Poverty is one of the deep social challenges around the world and is a major focus in the global development agenda. This article discusses the role of clustering methods in analyzing and understanding poverty issues. We use data from Statistics Indonesia (BPS) on 34 provinces in Indonesia to classify groups of people who are vulnerable to poverty. Clustering analysis helps us identify characteristics that may be overlooked by conventional approaches, which in turn enables the development of more targeted and effective solutions to poverty. We use the K-Means method in our analysis and present it within the framework of the CRISP-DM methodology. The results show that almost 95% of the poor in Indonesia belong to the 'Poor' group. Therefore, we recommend effective actions based on indicators that are the main factors of poverty, as well as designing specific policies for regions with similar characteristics. This article aims to contribute to the global effort to end poverty and achieve the vision of equitable and inclusive sustainable development.
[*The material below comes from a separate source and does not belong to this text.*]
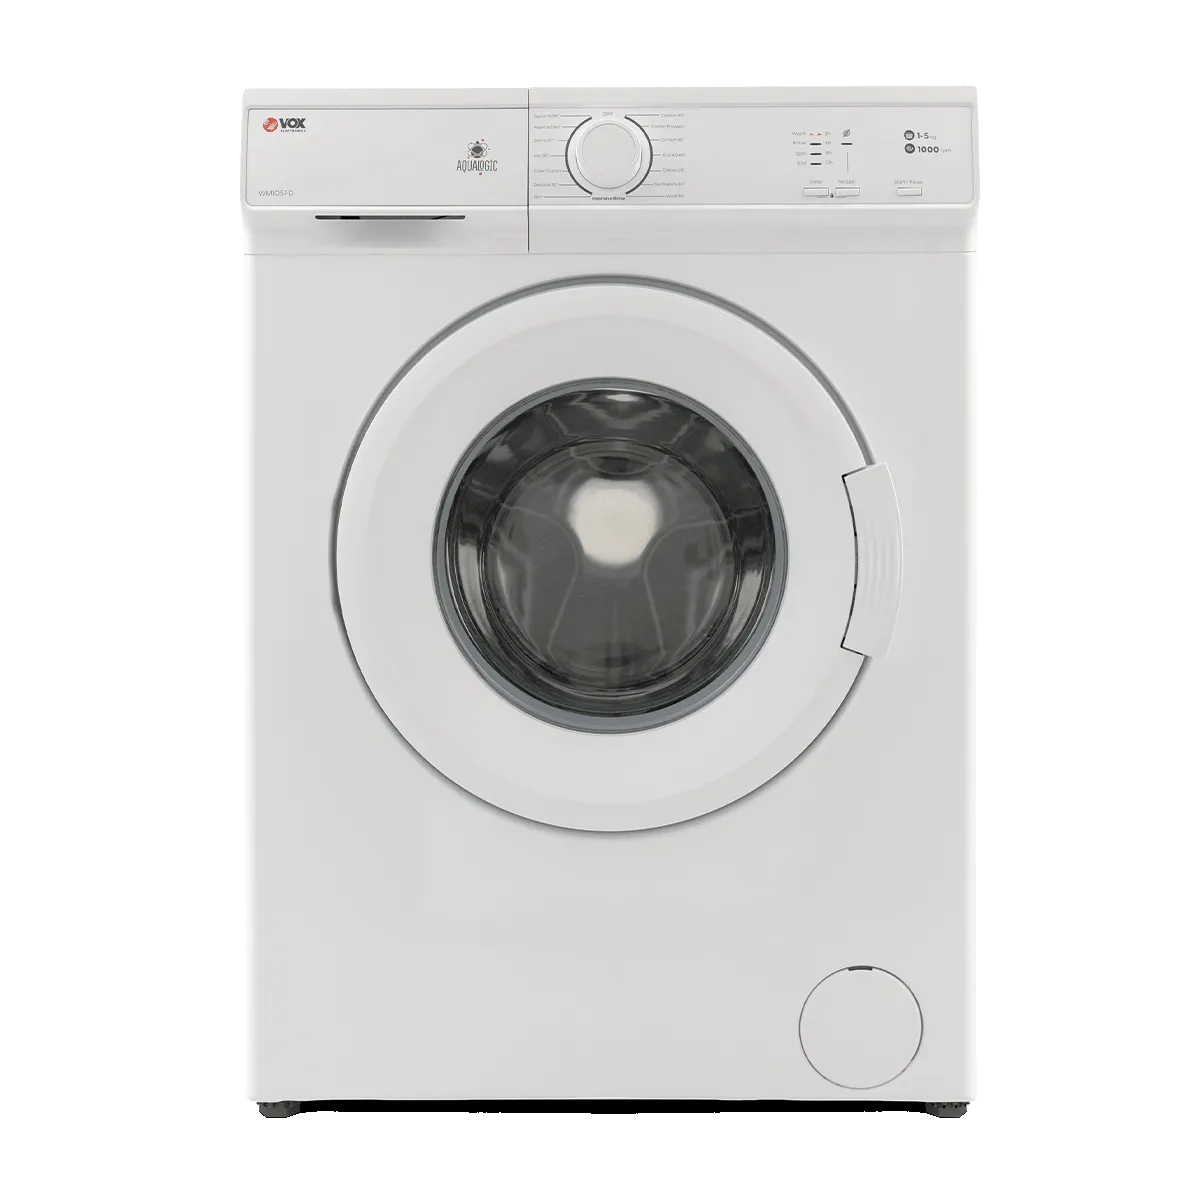 Машина за перење алишта WM1051-D

使用 K-Means 算法对印度尼西亚的贫困水平进行聚类
贫困是全世界深层次的社会挑战之一,也是全球发展议程的主要焦点。本文讨论了聚类方法在分析和理解贫困问题中的作用。我们利用印度尼西亚统计局(BPS)关于印度尼西亚 34 个省的数据,对易陷入贫困的人群进行分类。聚类分析可以帮助我们识别传统方法可能忽略的特征,进而制定出更有针对性、更有效的贫困解决方案。我们在分析中使用了 K-Means 方法,并在 CRISP-DM 方法的框架内进行了介绍。结果显示,印度尼西亚近 95% 的贫困人口属于 "贫困 "群体。因此,我们建议根据贫困的主要因素指标采取有效行动,并为具有类似特征的地区设计具体政策。本文旨在为全球消除贫困和实现公平、包容的可持续发展愿景做出贡献。
本文章由计算机程序翻译,如有差异,请以英文原文为准。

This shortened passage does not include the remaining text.